物静かな子であまりしゃべっているところを見たことがない。
「大丈夫だよ。いいから寝てて」
そう言うと、フィオナは素直にベッドに横になった。
「すみません……」
「いいんだよ」
笑顔、笑顔。
こういう時は笑顔だ。
「フィオナさん、ちょっと失礼しますね」
モニカは前に出ると、腰を下ろし、フィオナの額に触れながらもう片方の手で腕を取り、脈を測る。
「モニカさん、忙しいのにごめんなさい」
フィオナがまたしても謝った。
「いえいえ。これが仕事ですし、いつでも頼ってください……熱がありますね。吐き気とかはありますか?」
「いえ、体が熱っぽくてだるい感じです」
「なるほど……」
モニカが頷くと立ち上がった。
「タツヤ様、おそらくは風邪ですね」
「大丈夫?」
「問題ありません。ですが、体力が落ちているようですし、回復魔法をお願いします」
モニカもできるじゃんって言おうかと思ったけど、俺がやった方が良いか……
モニカはあれだし……
「わかった」
腰を下ろすと、フィオナに手を掲げ、回復魔法を使う。
「温かいです……」
「うん。フィオナの体力が戻っている証拠だよ」
「ありがとうございます……なんだか眠くなってきました」
「寝ていいよ。起きたら良くなっていると思うから」
そう言いながら頭を撫でると、フィオナが目を閉じた。
「もう大丈夫でしょう」
そう言って立ち上がる。
「ありがとうございます。私の方で様子を見に来ますので」
ダリルさんが感謝の言葉を言いながら頷いた。
「はい。出ましょうか」
俺達は家を出る。
そして、家の前で顔を合わせた。
「ダリルさん、フィオナの親は?」
「いません……」
やはりか。
前に村を回って村人と話した時にフィオナとも話したが、あの時も1人だった。
「孤児ですか?」
「そのことを話しましょう。我々は全員、出身地が違います。理由はそれぞれですが、国の事業である開拓村に参加し、ここで出会いました」
「ええ。わかります」
なお、開拓村事業に参加した理由は聞いてはいけない空気になっている。
だから村人達も俺のことを深く聞いてこないと思っている。
「ですが、フィオナだけは違います。

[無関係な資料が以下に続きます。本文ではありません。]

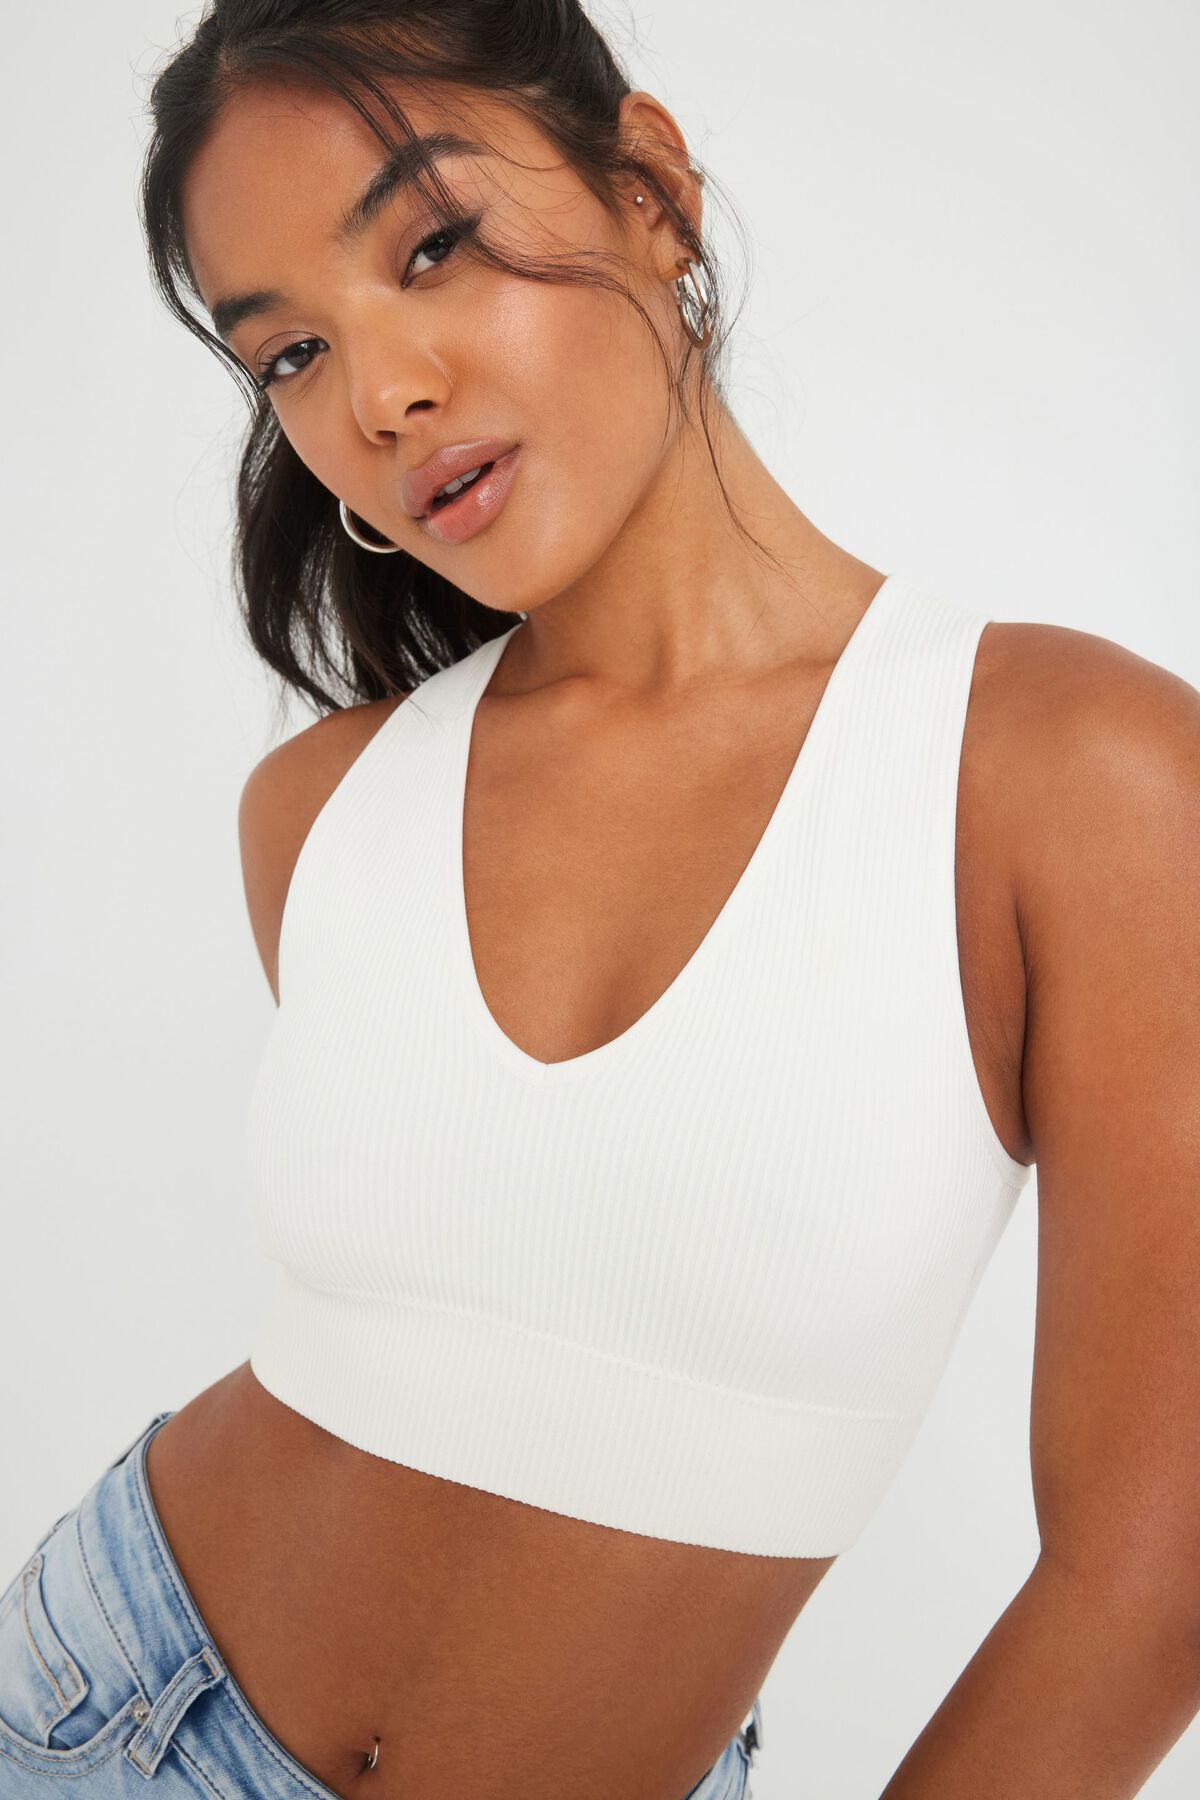 Generic Summer Crop Tops Sexy Spaghetti Strap Tanke Top Women Built In Bra  Off Shoulder Solid Color Sleeveless Ins(#Light Grey) @ Best Price Online
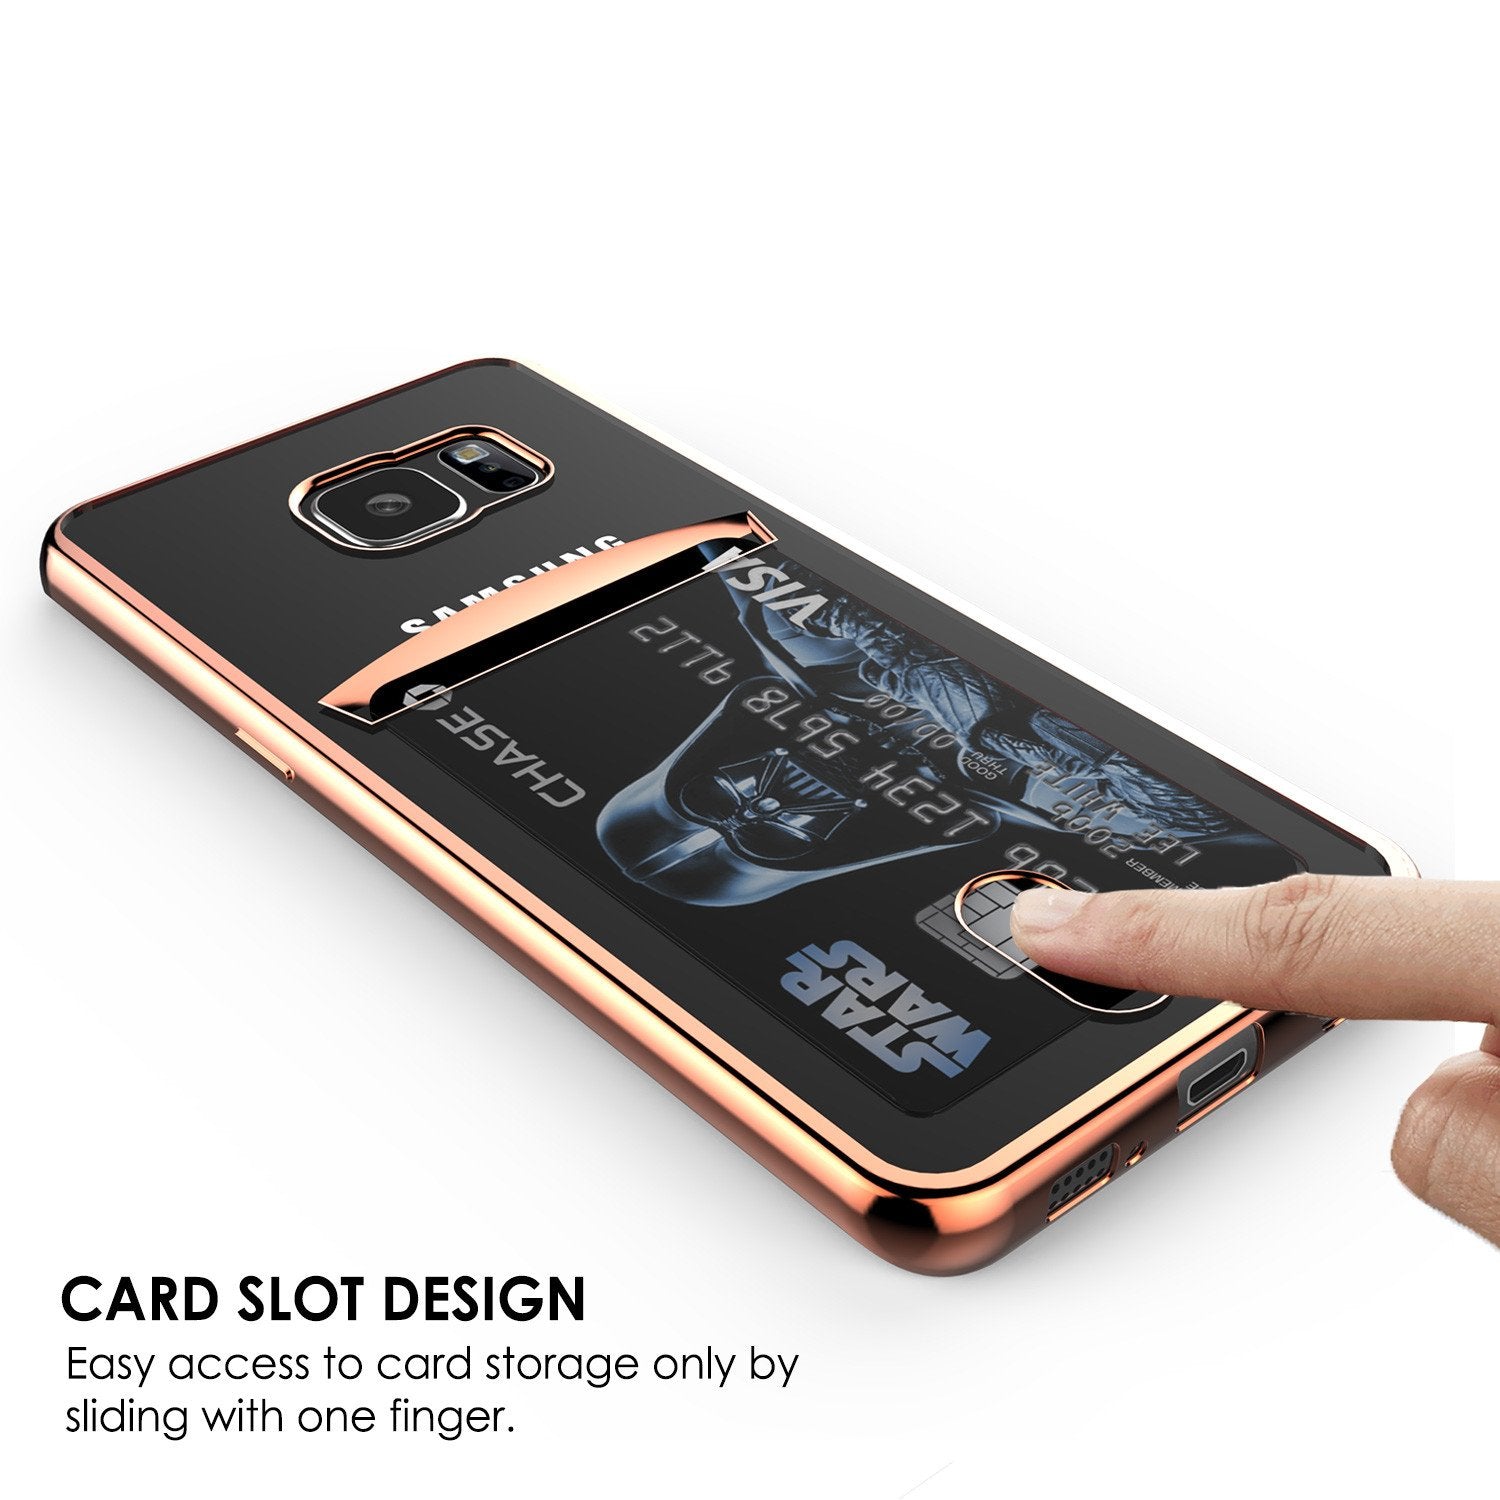 Galaxy S6 EDGE Case, PUNKCASE® LUCID Rose Gold Series | Card Slot | SHIELD Screen Protector

あの子は1年前に森で倒れていた子なのです」
え?
「森でですか? 何故?」
「わかりません。フィオナは記憶喪失だったのです」
記憶喪失……
「それは……」
「覚えているのは名前だけで自分がどこから来たのかもわからない状況でした」
「それでこの村に?」
「はい。余裕があるわけでないですが、子供一人くらいなら何とかなります。それにフィオナは真面目で積極的に村の仕事に関わってくれましたから皆も受け入れ、今では大事な家族ですよ」
この村は皆で苦労してきたから一体感がすごい。
皆で家族といった感じなのだ。
「そうですか……」
「タツヤ殿、ありがとうございます。後は私の方で様子を見ますので」
「わかりました。何かあればモニカに言ってください」
モニカに言えば、すぐに家に来てくれるだろう。
「わかりました。では、これで……」
ダリルさんは頭を下げると、自分の家の方向に歩いていったので俺達も家に帰ることにする。
「開拓村も大変なんですね」
「だな」
キョウカとユウセイ君が神妙な顔で村を見渡す。
「まあね。でも、もうちょっと頑張って良い村にするよ」
「山田さん、仏か聖人みたいだな」
「さすがタツヤさんです」
2人が褒めてくれるのは嬉しいが、微妙に気恥ずかしい。
「そんなもんじゃないけど、村の人達は良い人ばかりだからね。自分のスローライフが目的だけど、幸せになってほしいよ」
これは本当にそう思うし、村長になったからにはそうするのが俺の仕事だ。
「ご立派だと思います。このモニカもお手伝いしましょう」
モニカが恭しく頭を下げる。
「私も手伝います!」
「あ、まあ、俺もできることなら……」
良い子達だわ。
本当に高校生かね?
俺の高校時代とは全然違うわ。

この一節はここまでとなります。